===== PROVIDED DATA
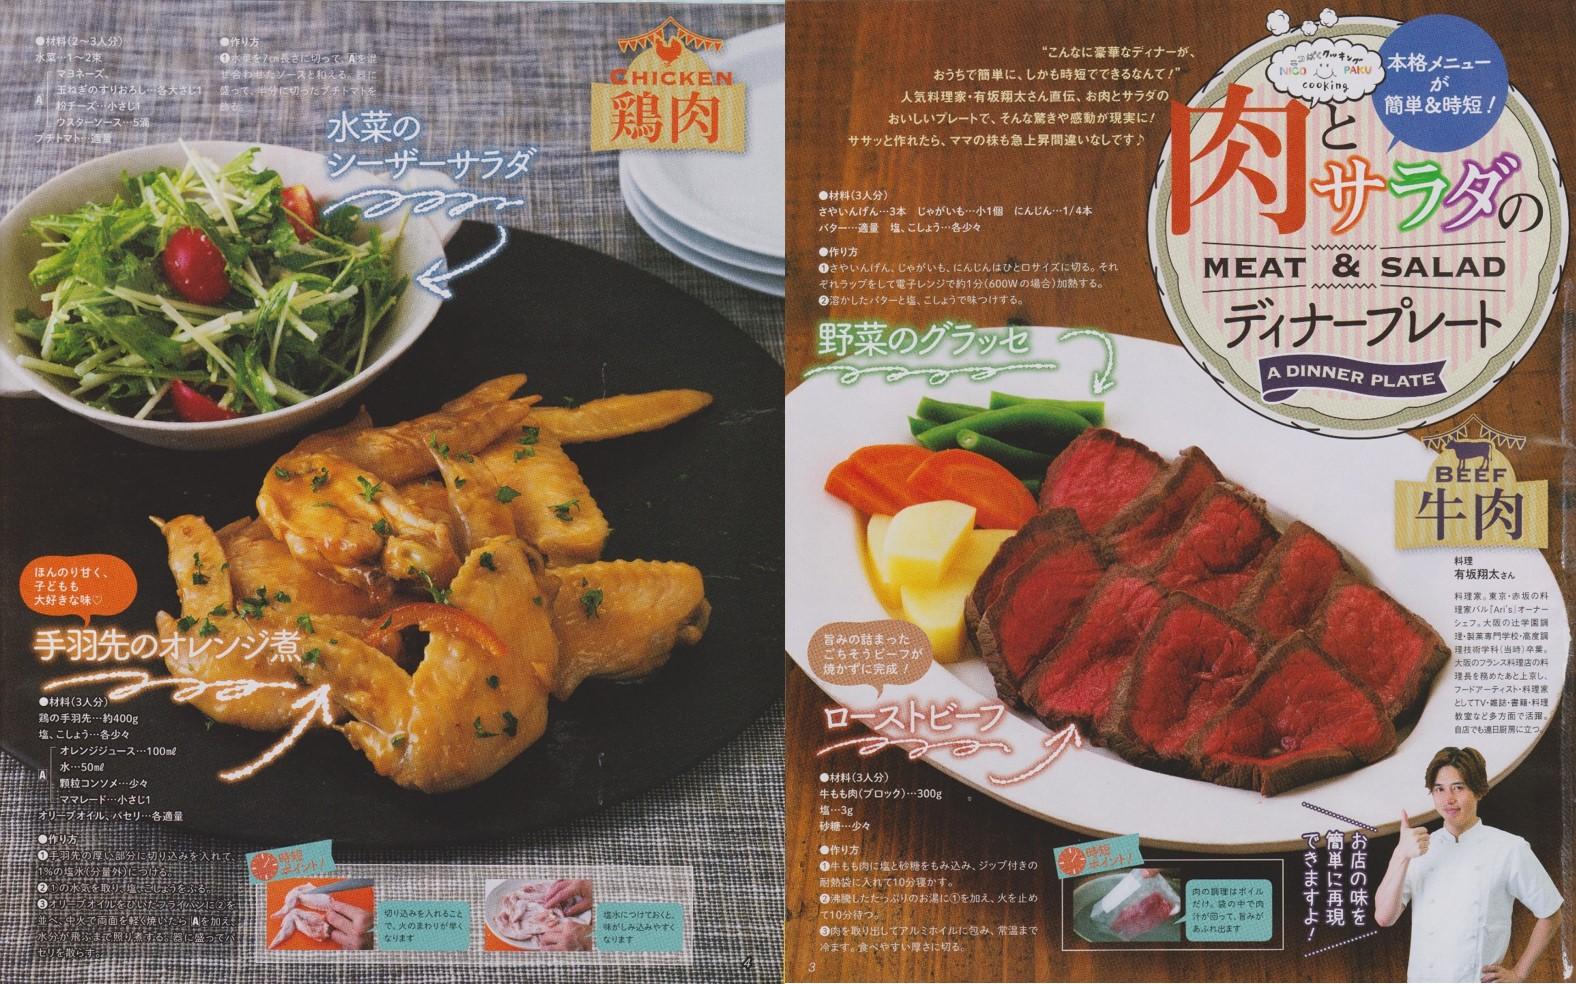 牛肉、鶏肉、豚肉の料理を紹介しています ^ ^
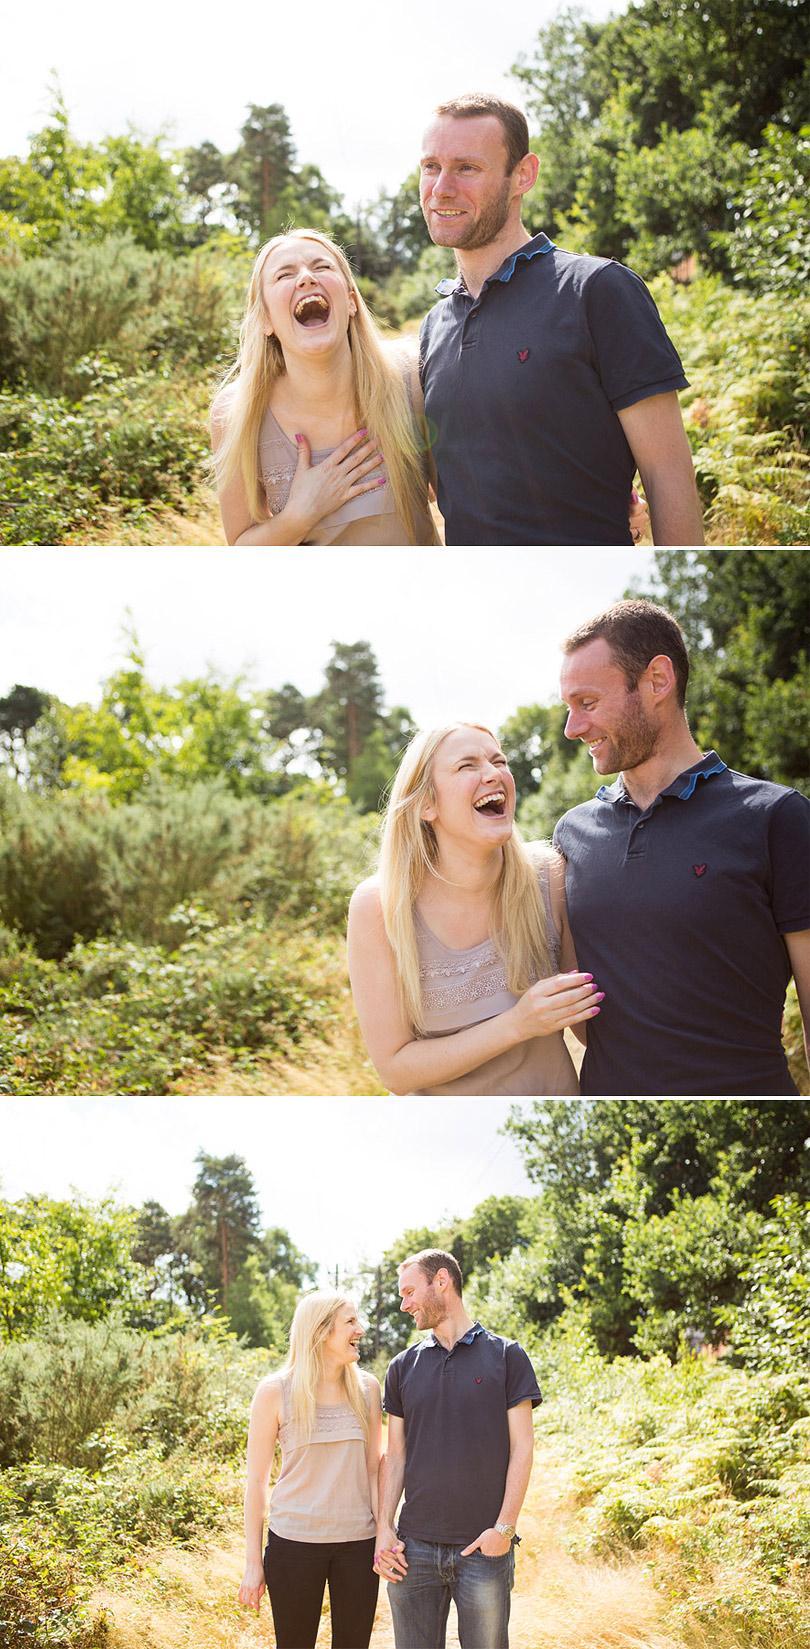 Vicki-&-James-Beloved.jpg
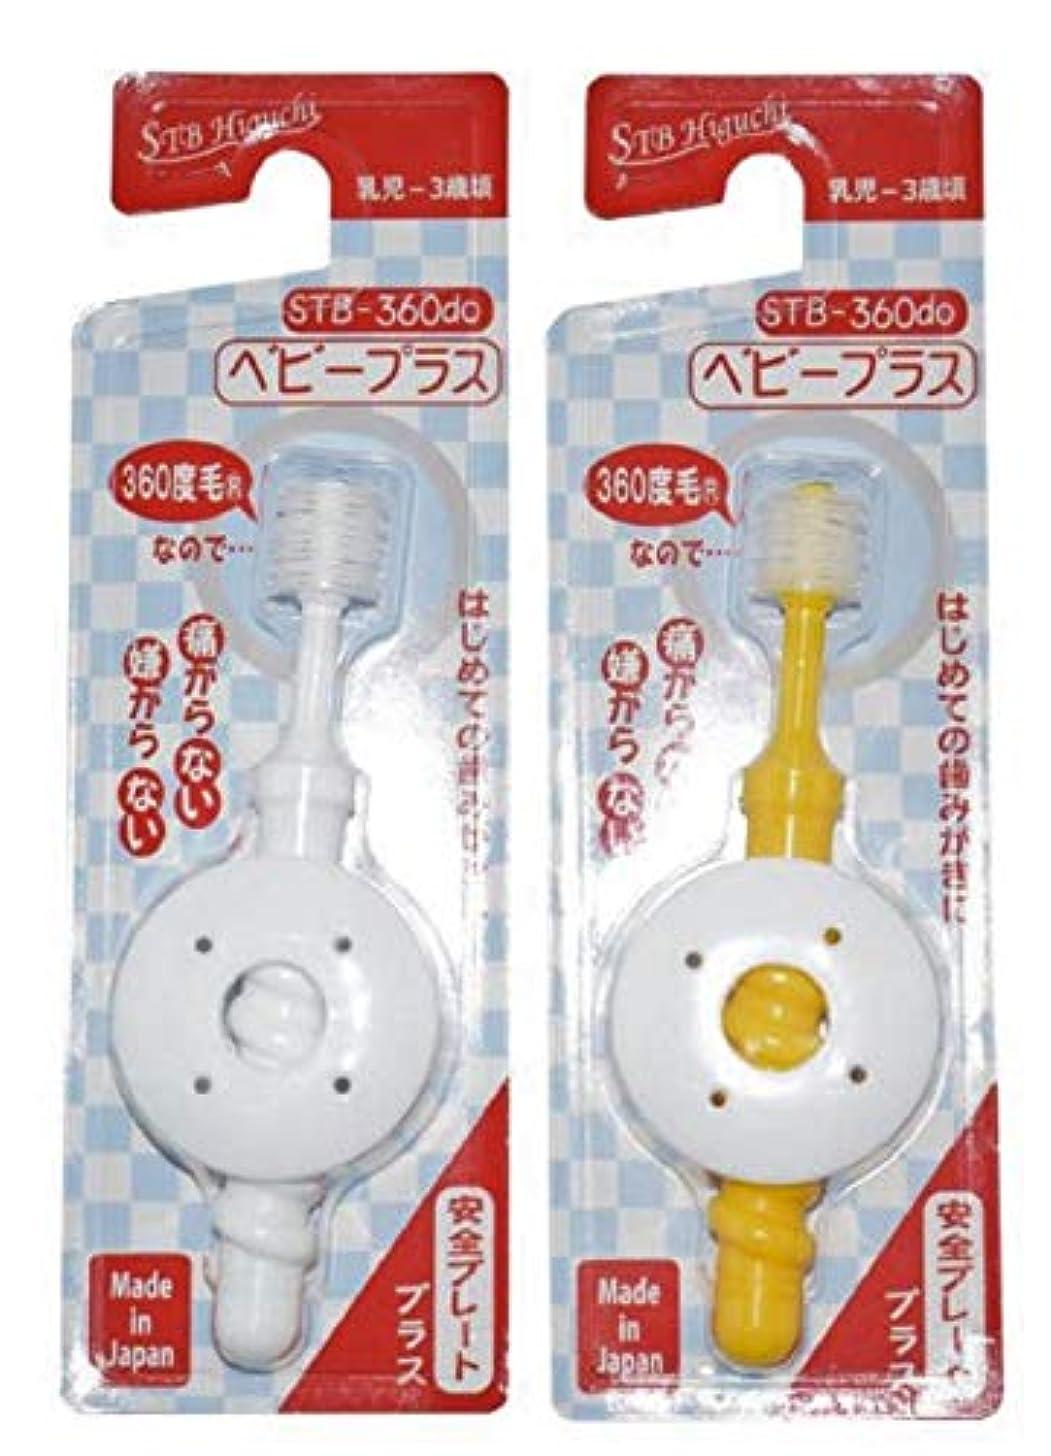 分類するジェスチャーレッスンSTB-360do ベビープラス 2本セット 喉付き防止 安全パーツ付き幼児用
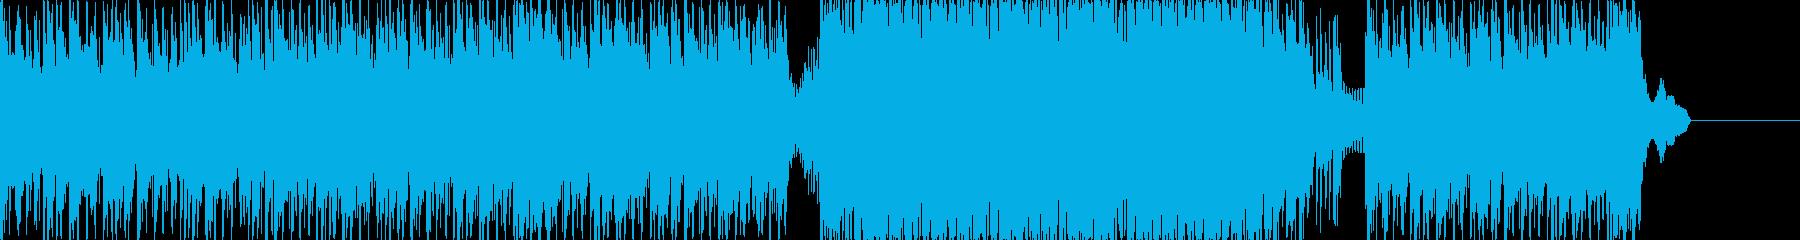 ハードで近未来なドラムンベースの再生済みの波形
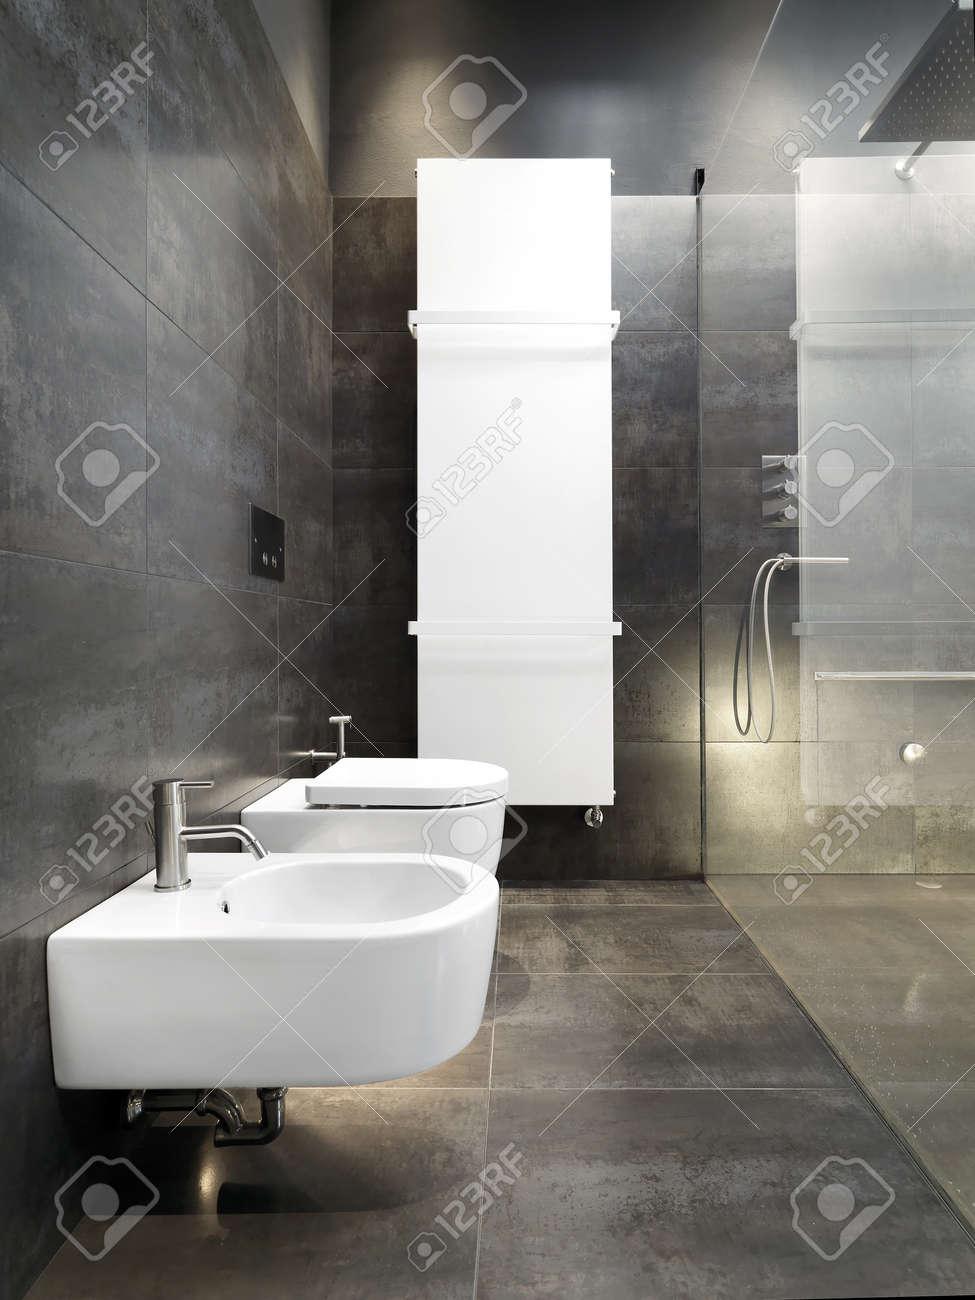 archivio fotografico dettaglio di sanitayware e riscaldamento in un bagno moderno con piastrelle scure
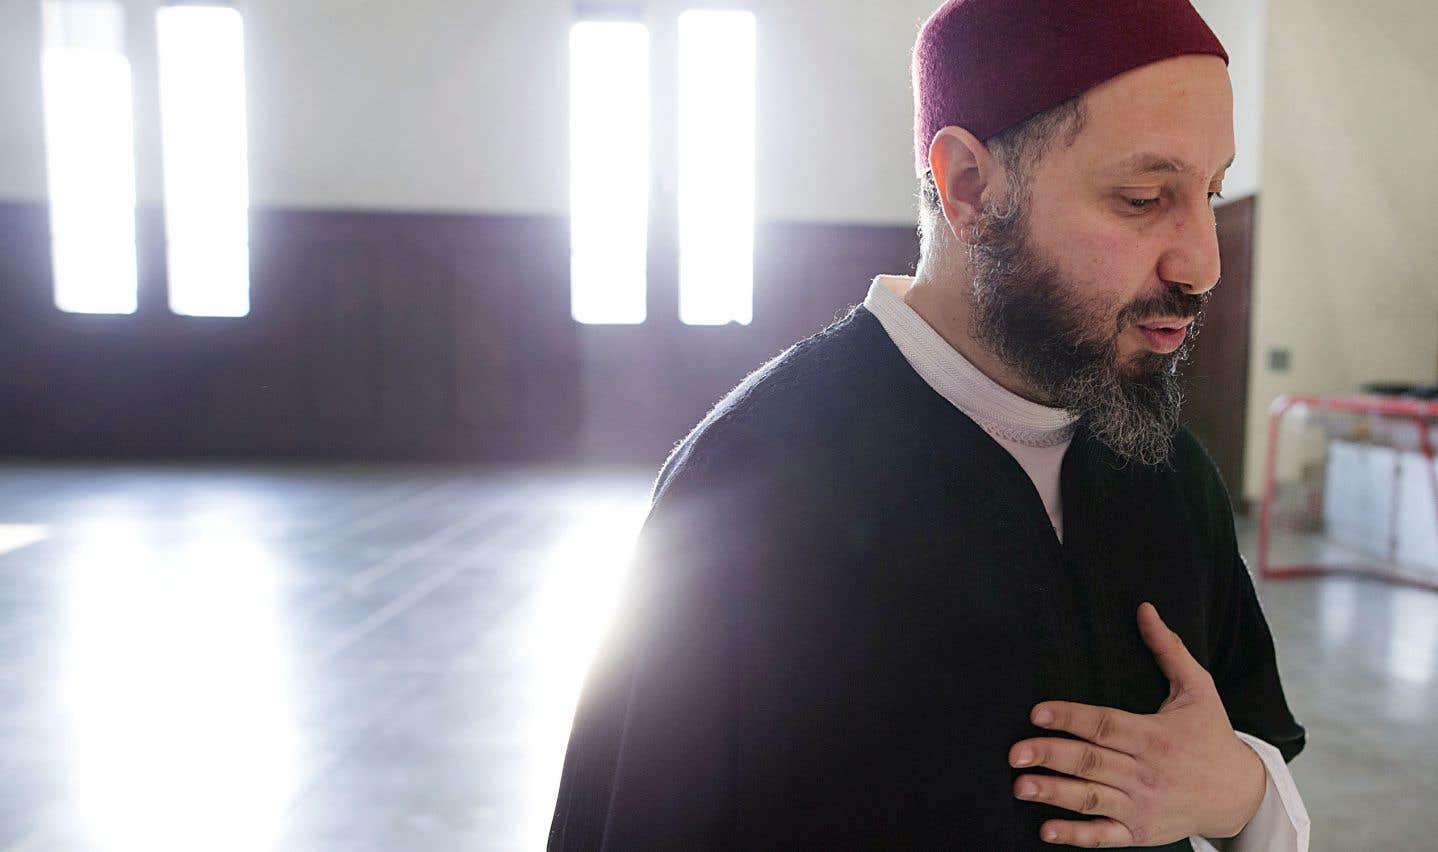 Les leçons à tirer de l'attentat contre la mosquée de Québec
==========
• **EXERCISE GOAL**:
Omit the pictures. Transcribe every record exactly.

• **EXERCISE OUTPUT**:
 牛肉、鶏肉、豚肉の料理を紹介しています ^ ^
 Vicki-&-James-Beloved.jpg
 分類するジェスチャーレッスンSTB-360do ベビープラス 2本セット 喉付き防止 安全パーツ付き幼児用
 ハードで近未来なドラムンベースの再生済みの波形
 archivio fotografico dettaglio di sanitayware e riscaldamento in un bagno moderno con piastrelle scure
 Les leçons à tirer de l'attentat contre la mosquée de Québec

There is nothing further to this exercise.